Data in this exercise:
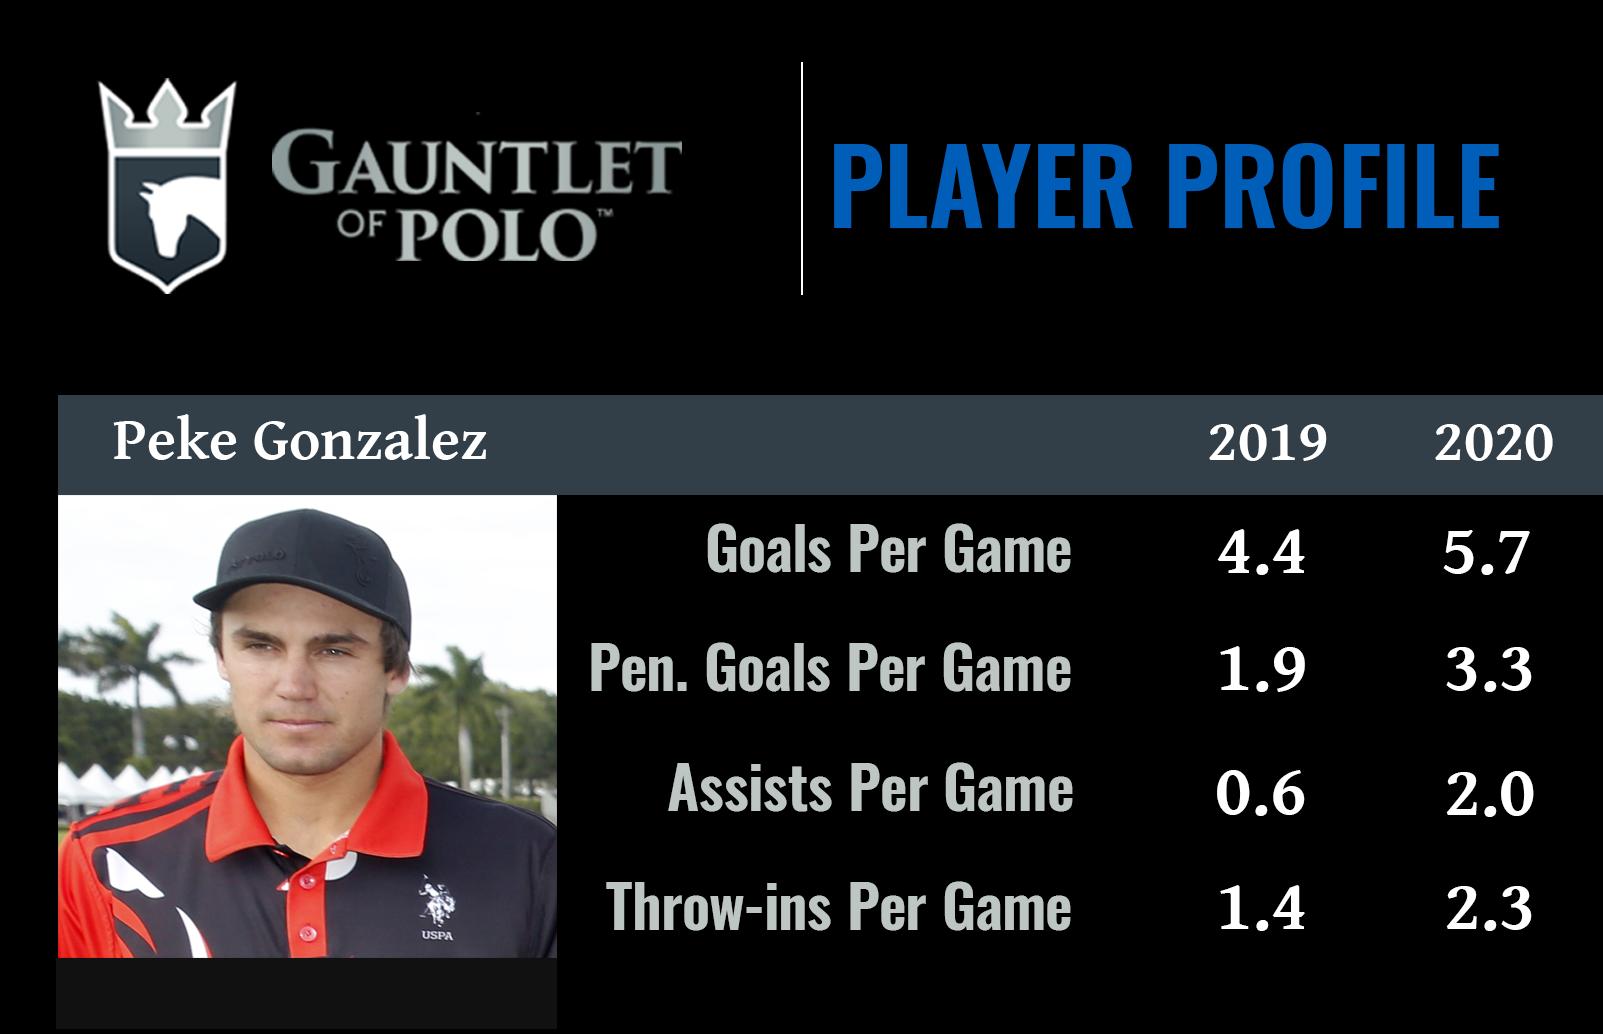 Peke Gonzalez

---

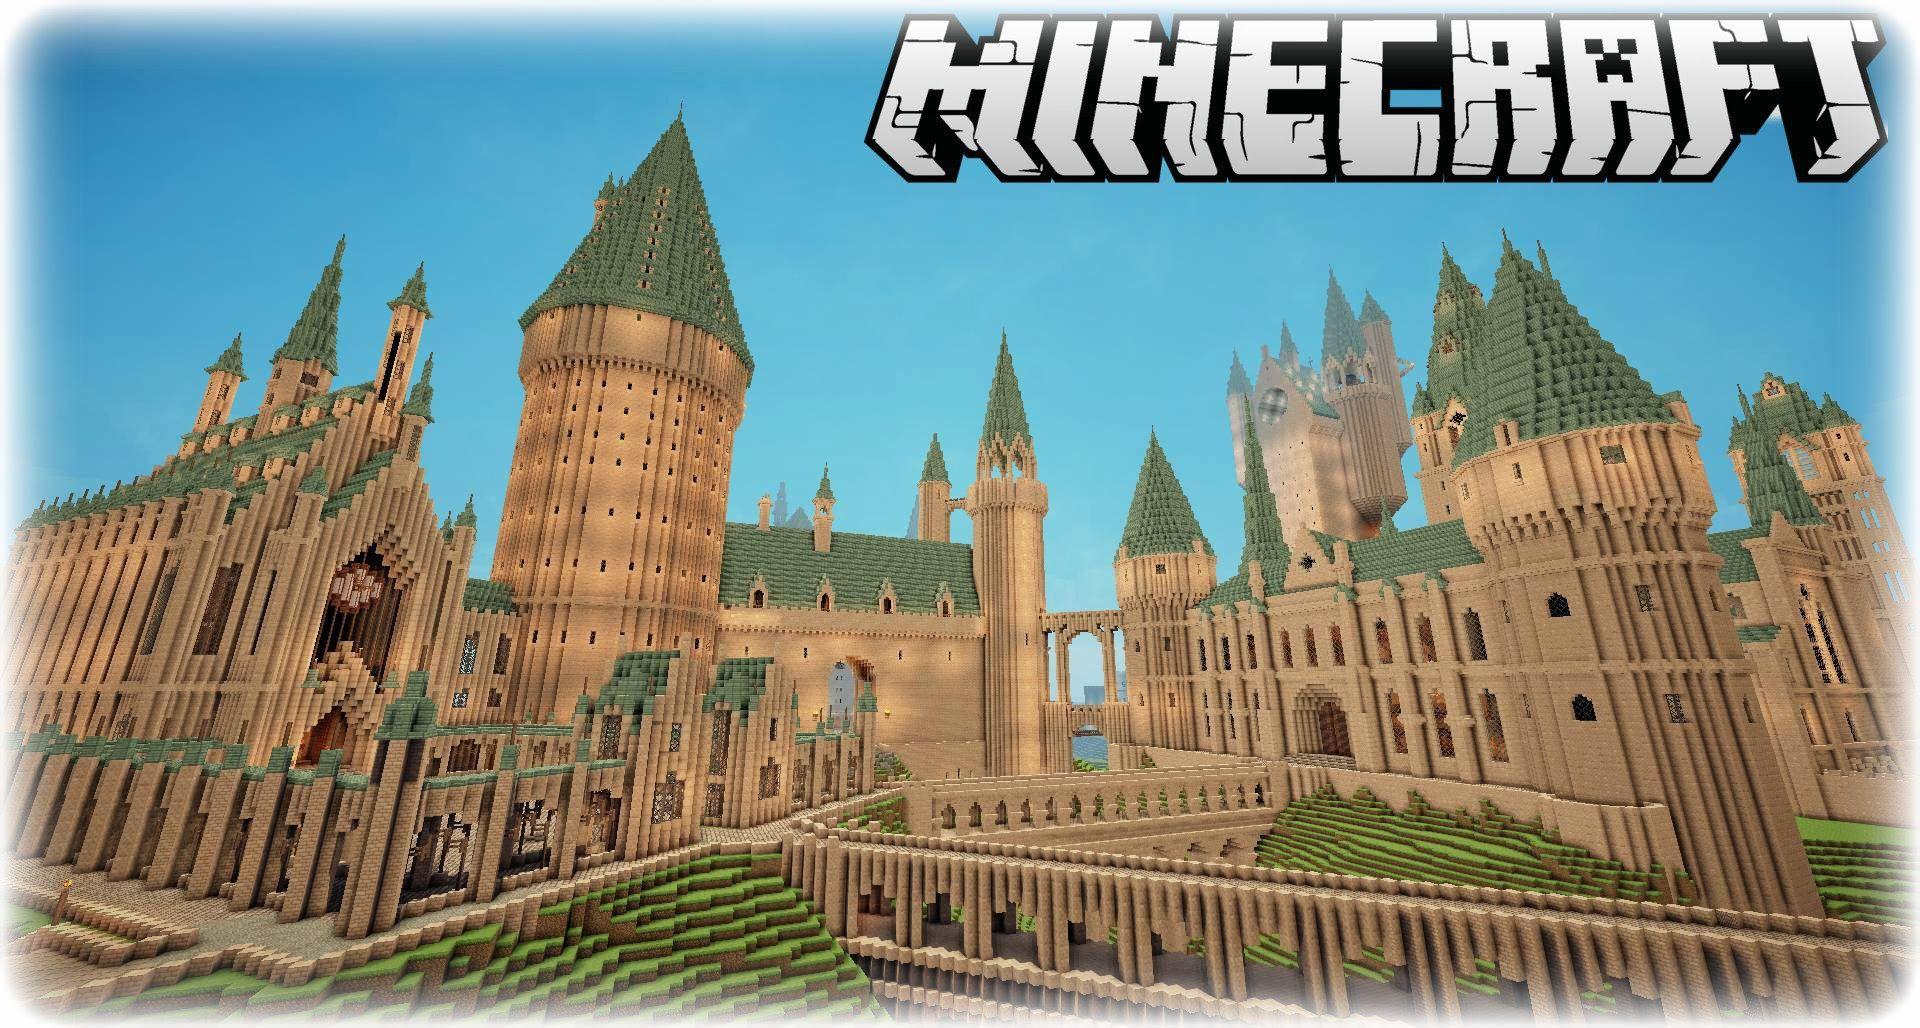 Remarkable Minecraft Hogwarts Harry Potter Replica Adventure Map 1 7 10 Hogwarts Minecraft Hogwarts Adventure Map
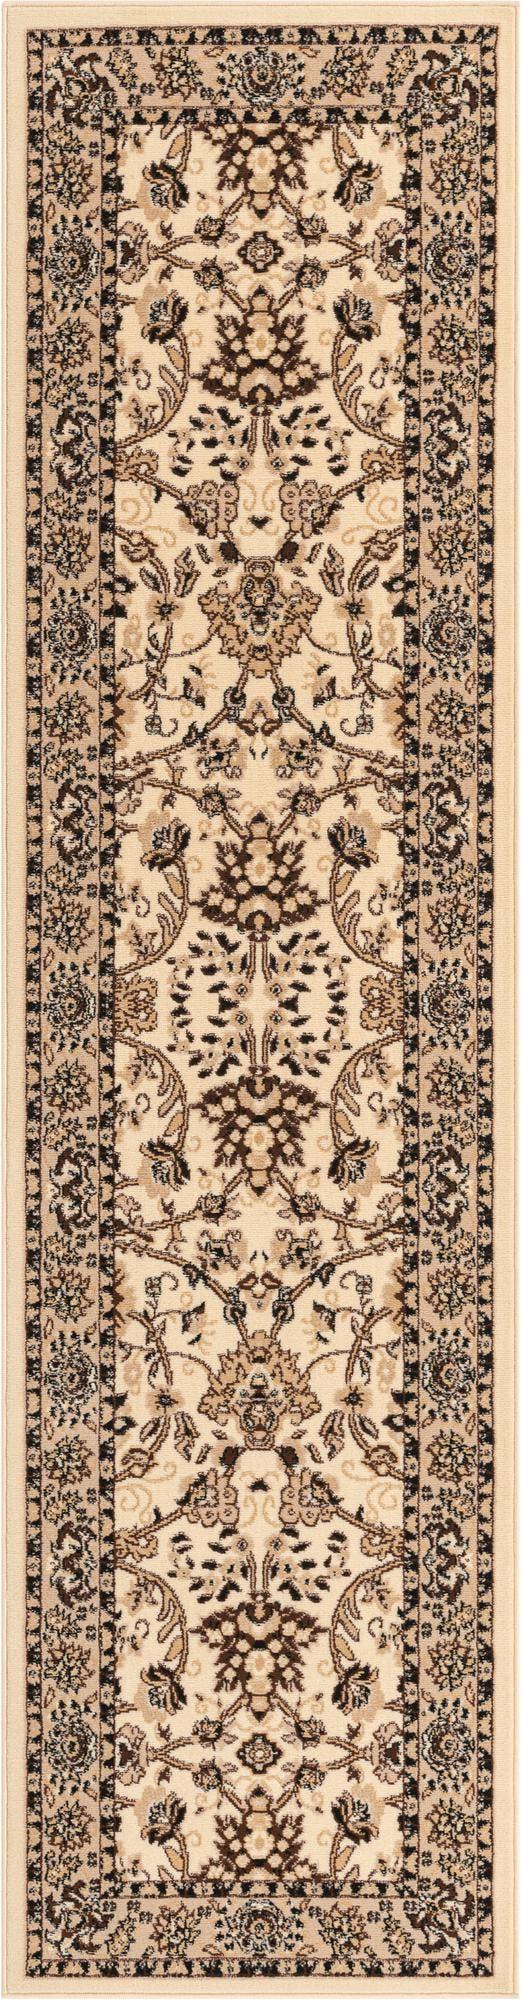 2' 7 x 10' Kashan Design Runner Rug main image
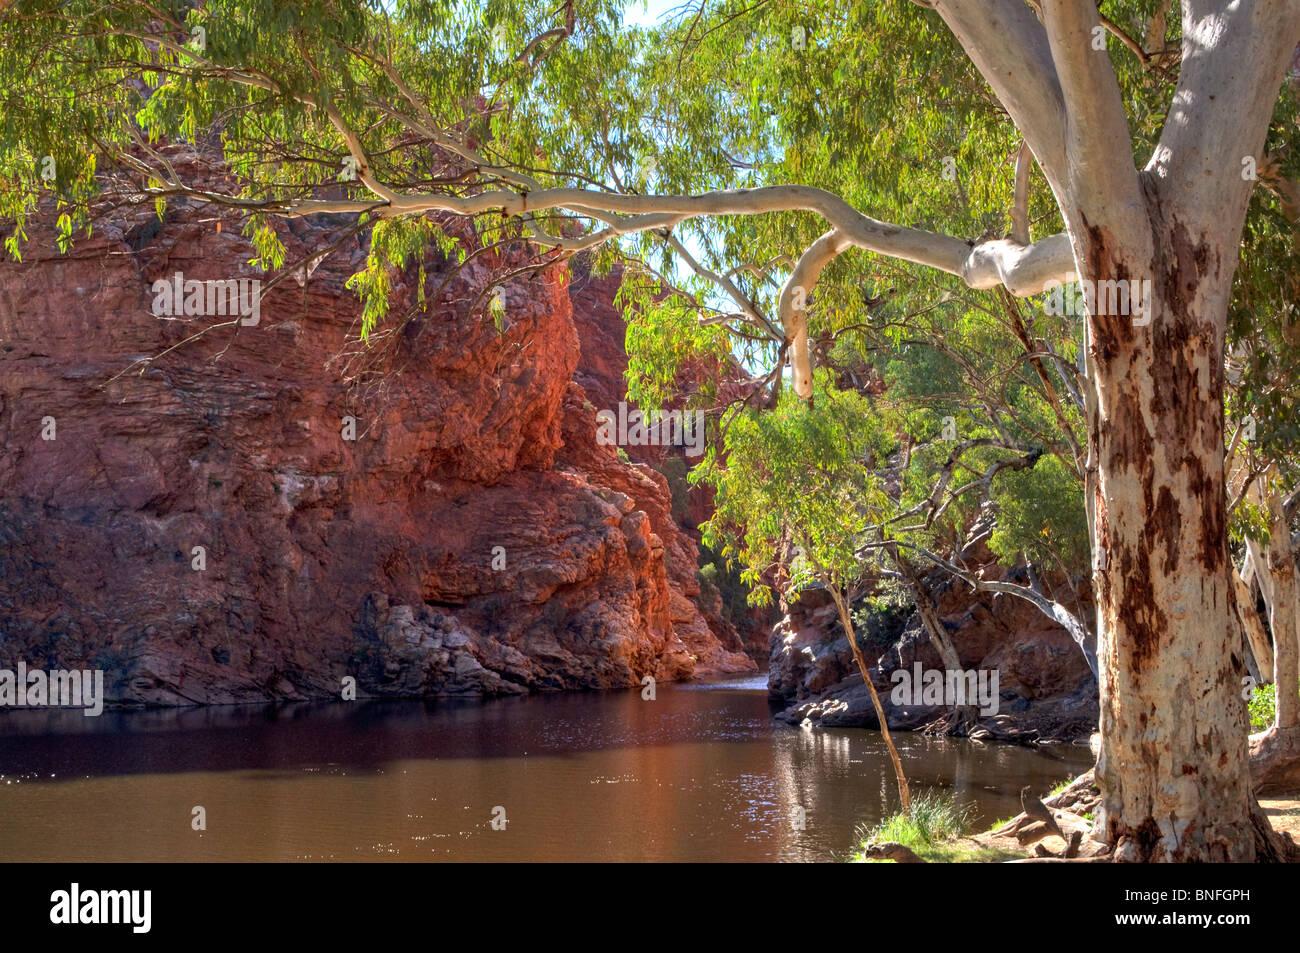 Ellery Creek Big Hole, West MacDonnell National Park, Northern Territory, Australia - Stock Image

Aim of the exercise: Above are records; repeat only the lines from the line with "2' 7 x 10' Kashan" through the line with "Ellery Creek Big", and leave pictures out.

Exercise output:
 2' 7 x 10' Kashan Design Runner Rug main image
 Ellery Creek Big Hole, West MacDonnell National Park, Northern Territory, Australia - Stock Image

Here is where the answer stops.